President Lula, aged 80, is ahead in polls and considered one of this century’s most successful politicians. From factory worker to union leader to party founder, he made redistribution central to Brazilian democracy. Extreme poverty fell from 30 million in 2002 to under 7 million today. He governed from 2003 to 2011 and returned in 2023 after corruption convictions were annulled.

Trump rejects Lula’s push for Brazilian sovereignty. Lula wants Brazil to police anti-democratic disinformation, while Trump argues the US should have jurisdiction over Brazil’s information sphere. Another sovereignty issue concerns Brazil’s financial plumbing, specifically the Pix payments system.

Pix Payments System

Brazil’s Pix system allows instant payments between individuals, businesses, and government entities. In 2025, its total transaction volume reached $6.7tn. Like India, Brazil built this digital public infrastructure to reduce reliance on foreign-controlled payment networks and insulate domestic payments from external pressure or sanctions, effectively bypassing Visa and Mastercard-style systems and threatening their profits.

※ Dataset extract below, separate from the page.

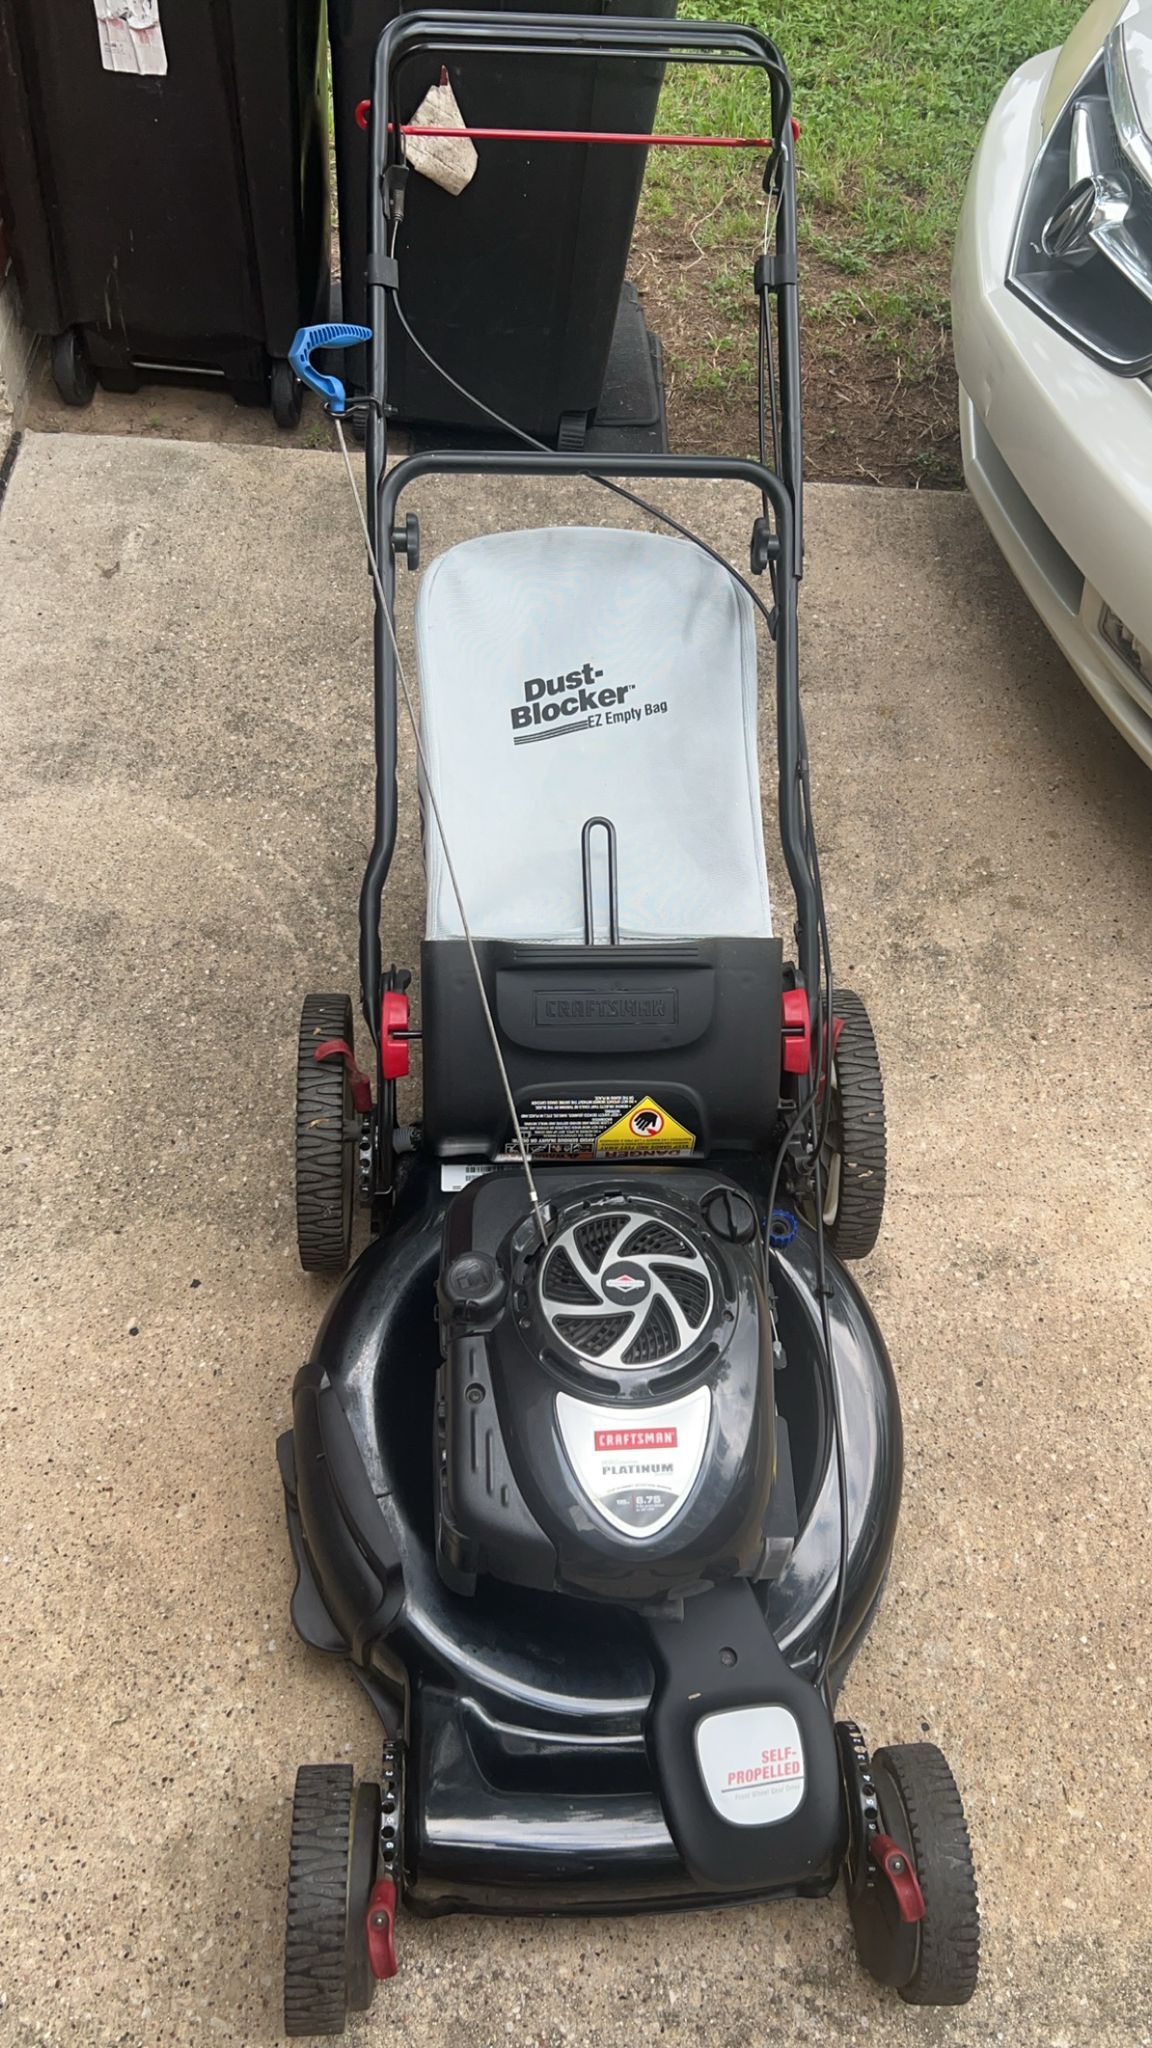 Self-Propelled Lawn Mower ($360)

According to economist Andres Arauz, a former minister in Ecuador’s left government, payments are data. Routed through US-linked networks, they become tools of surveillance and pressure. Kept national, they become infrastructure for sovereign AI development.

The real offence, the editorial argues, is not protectionism but autonomy. Brazil built a public payments system and asserted jurisdiction over US tech platforms. Trump has recast that sovereignty as unfair commercial discrimination, and Bolsonarism is willing to play along.